Recorded data Block Start

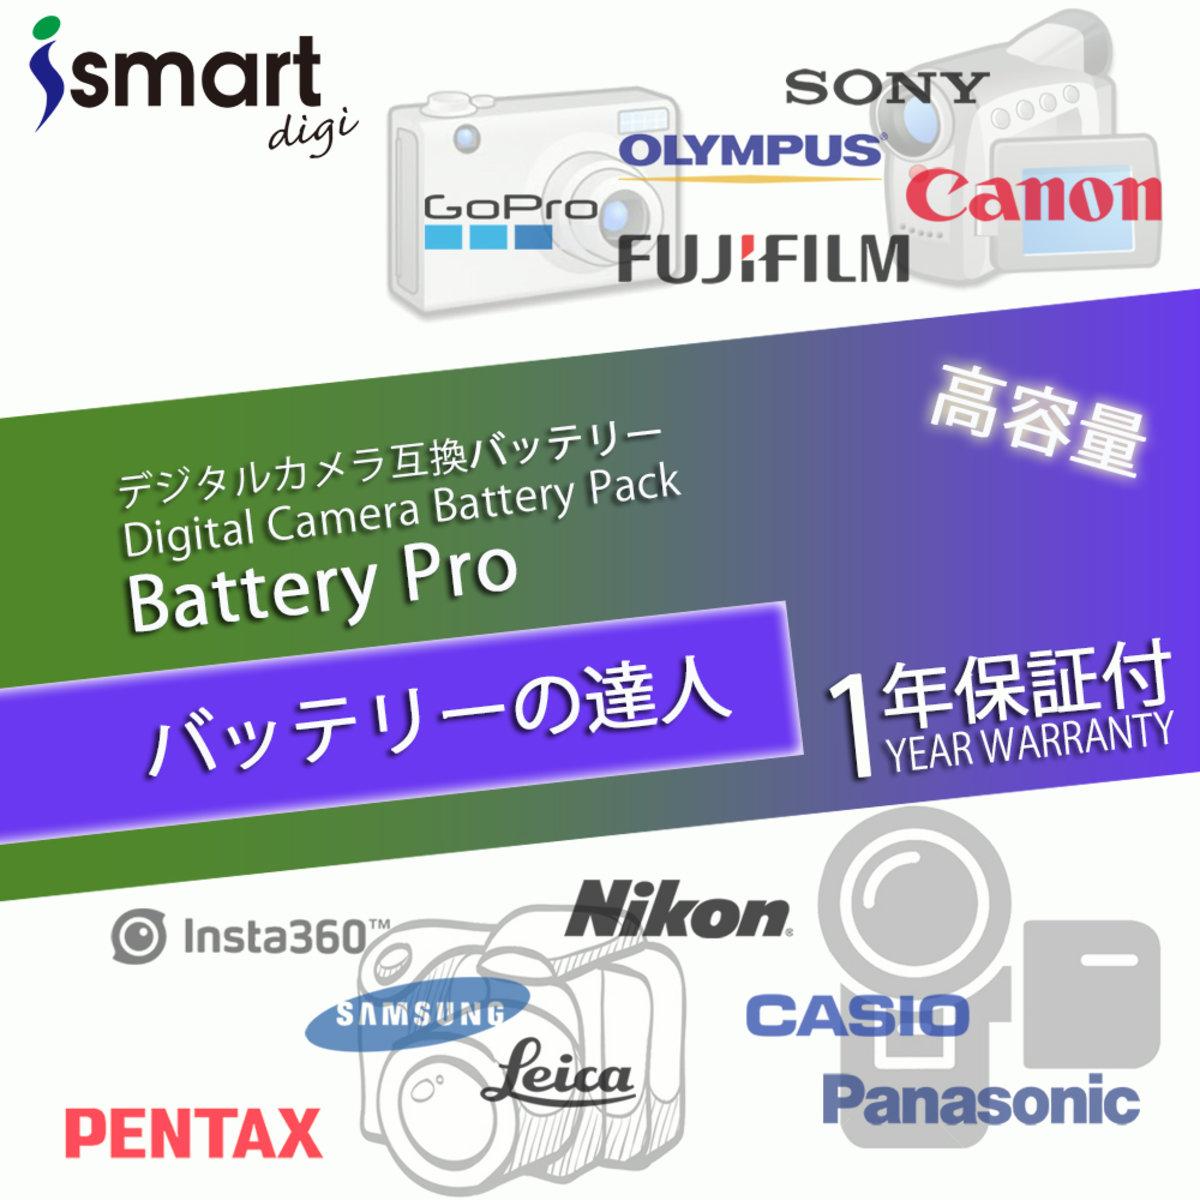 賓得數碼相機電池(適合:Optio H90, Optio P70, Optio P80, Optio WS80, Optio W90)
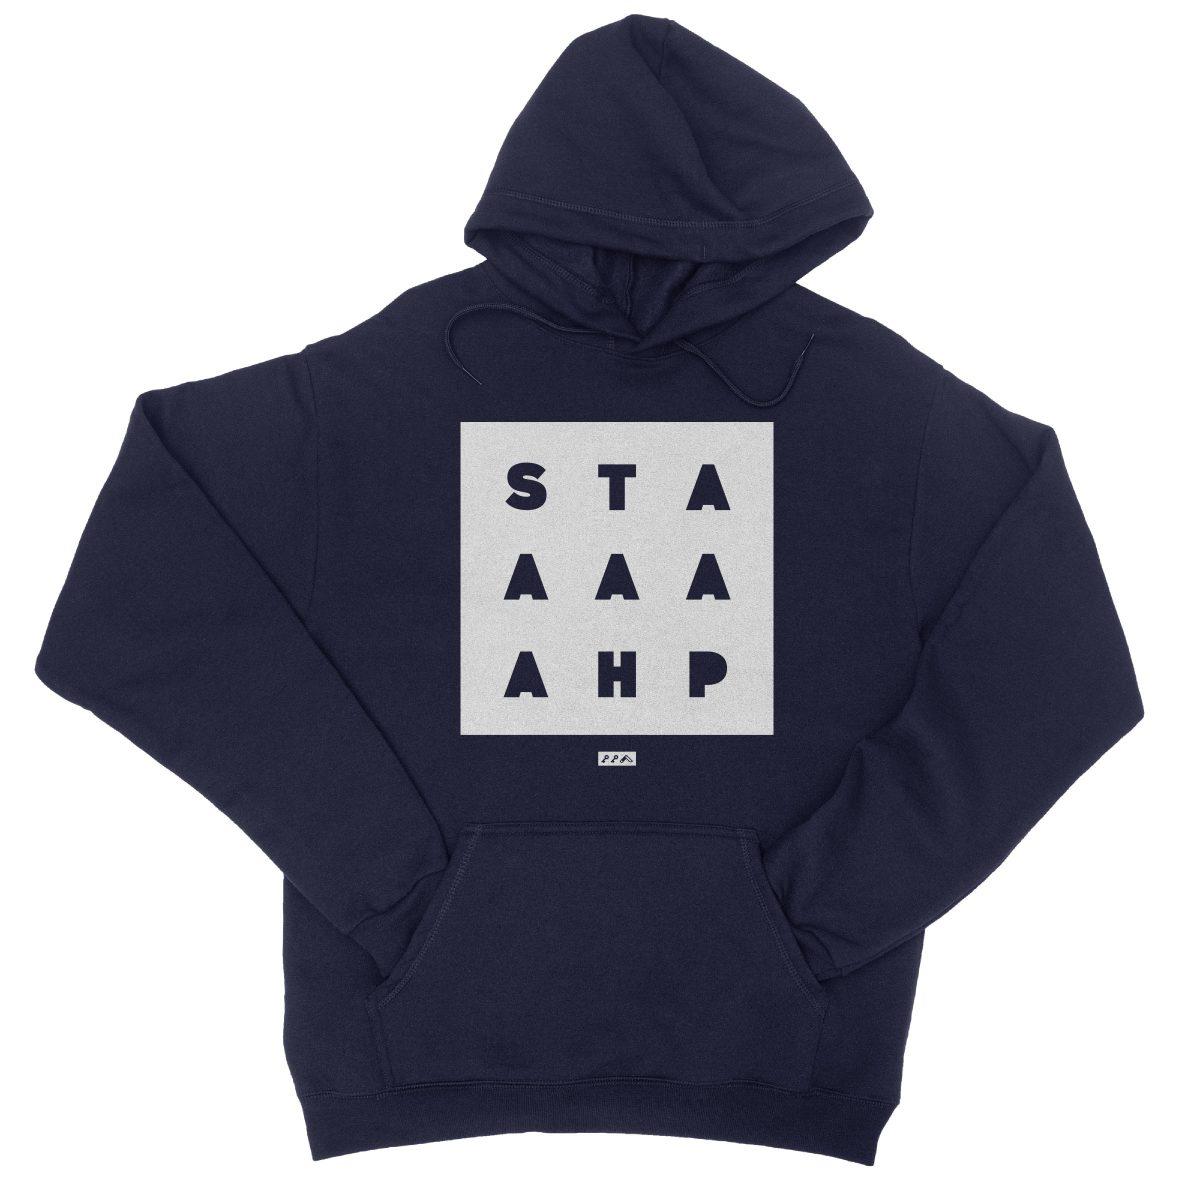 """""""STAAAAAHP"""" funny philly slang hoodie sweatshirt in navy"""
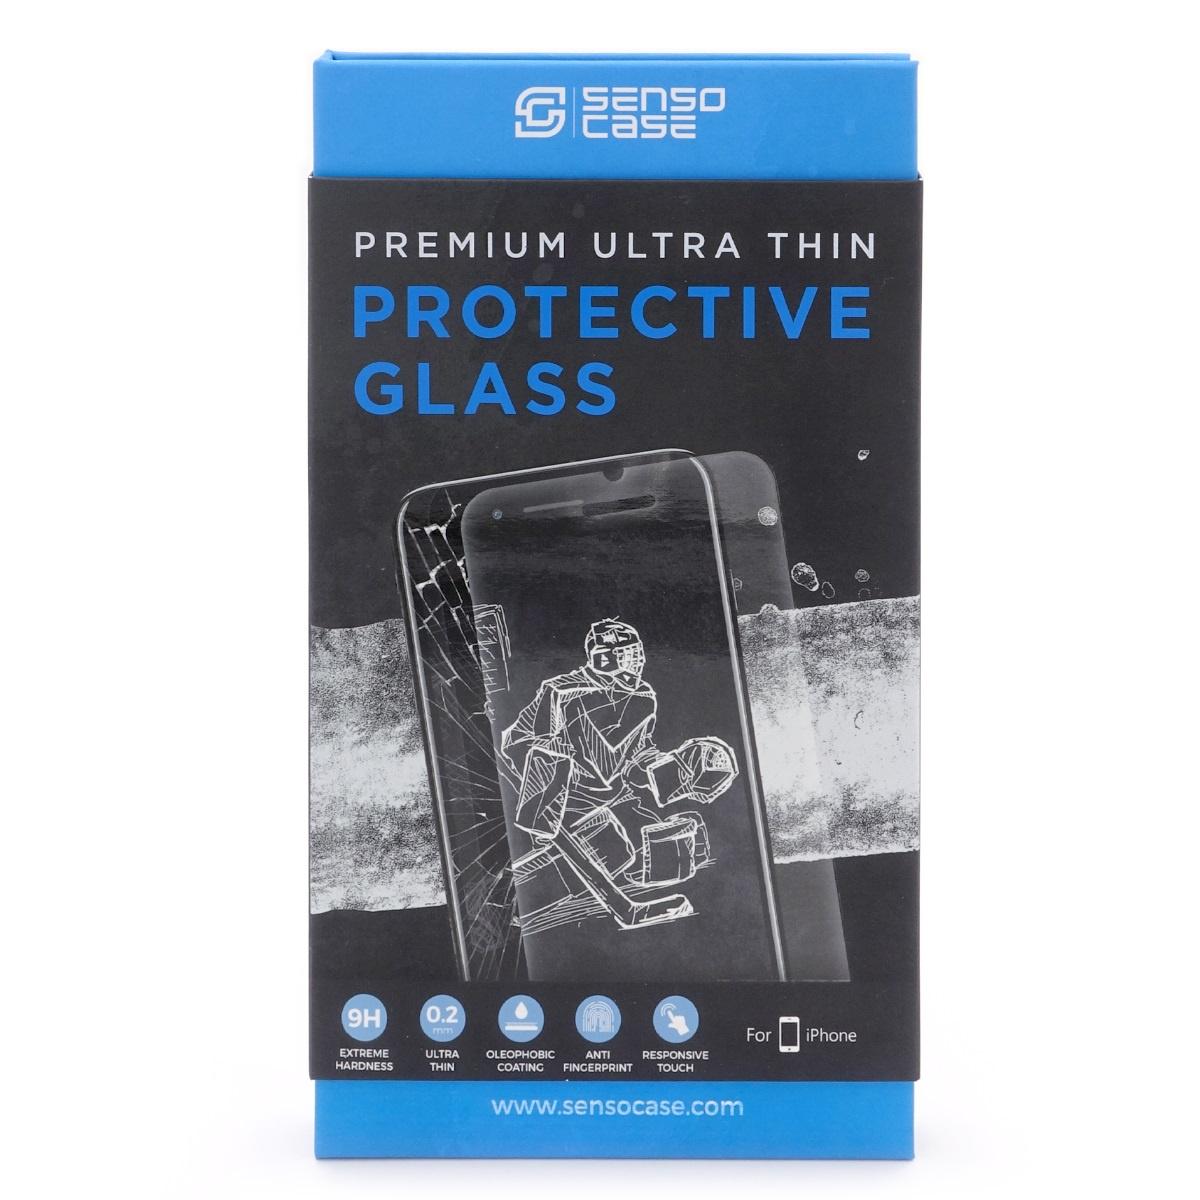 Защитное стекло SensoCase для iPhone 6/6s Protective Glass 0.2 mm 2,5D 9H+, ультратонкое, кристально прозрачное, PG-IP6
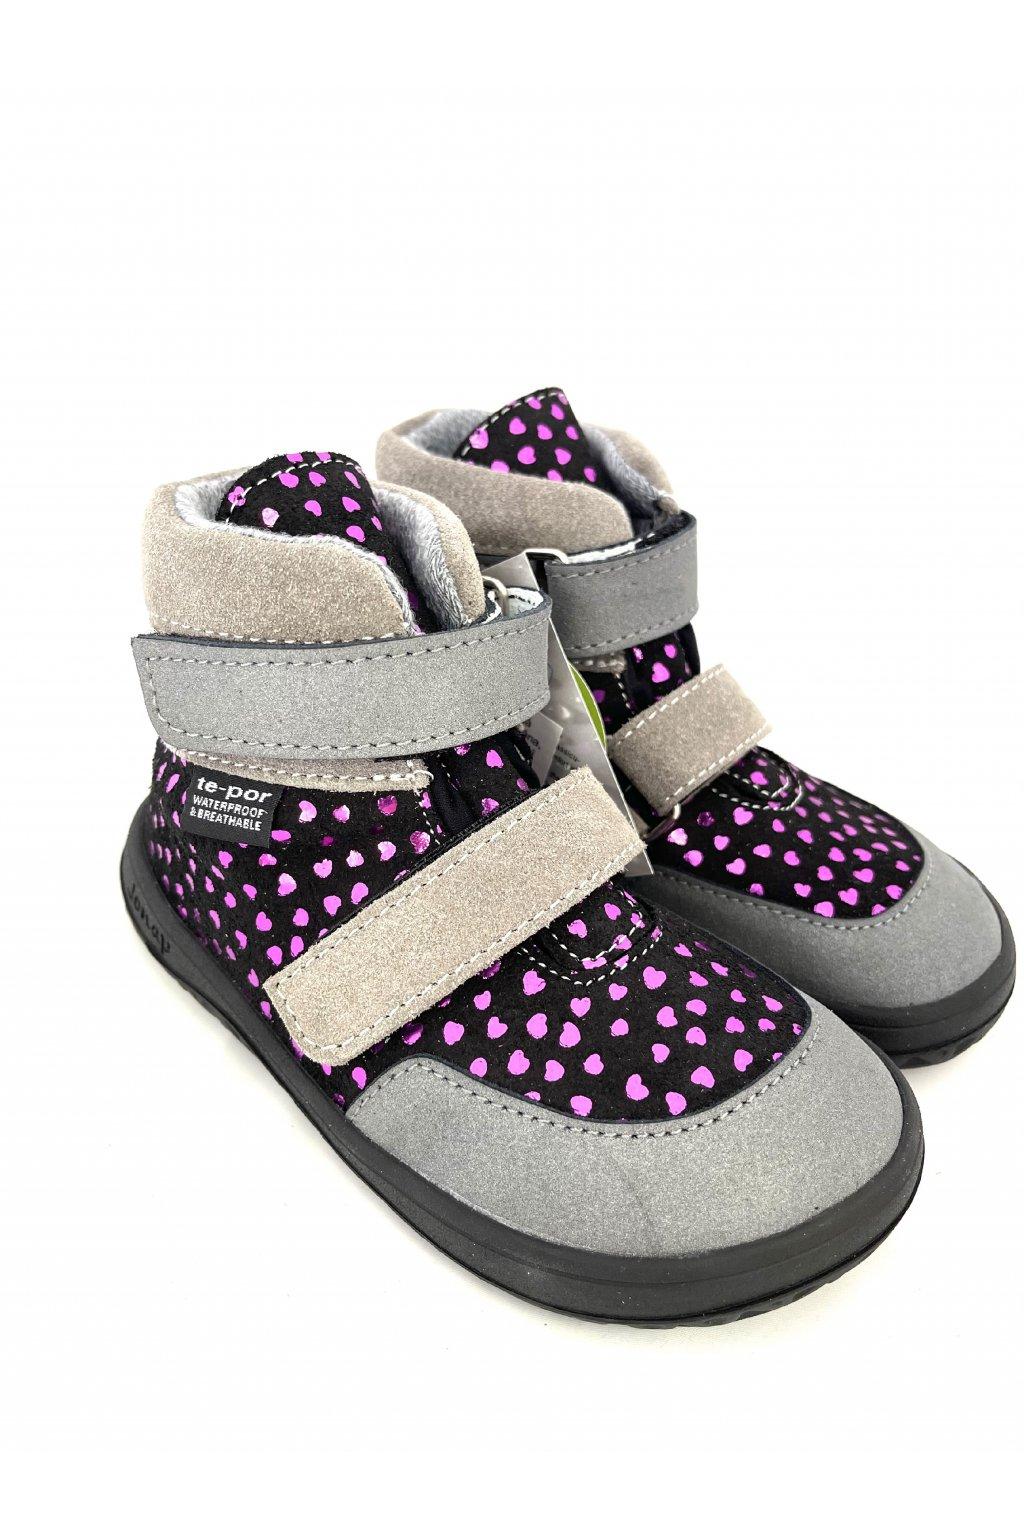 Celoročné topánky Jonap Jerry Čierne srdiečko + TEX mambrána

Recorded data Block End

• _Task prompt_: Omit the pictures and write out the remaining data exactly.

• _Task result_:
 賓得數碼相機電池(適合:Optio H90, Optio P70, Optio P80, Optio WS80, Optio W90)
 """""""STAAAAAHP"""" funny philly slang hoodie sweatshirt in navy"""
 Защитное стекло SensoCase для iPhone 6/6s Protective Glass 0.2 mm 2,5D 9H+, ультратонкое, кристально прозрачное, PG-IP6
 Celoročné topánky Jonap Jerry Čierne srdiečko + TEX mambrána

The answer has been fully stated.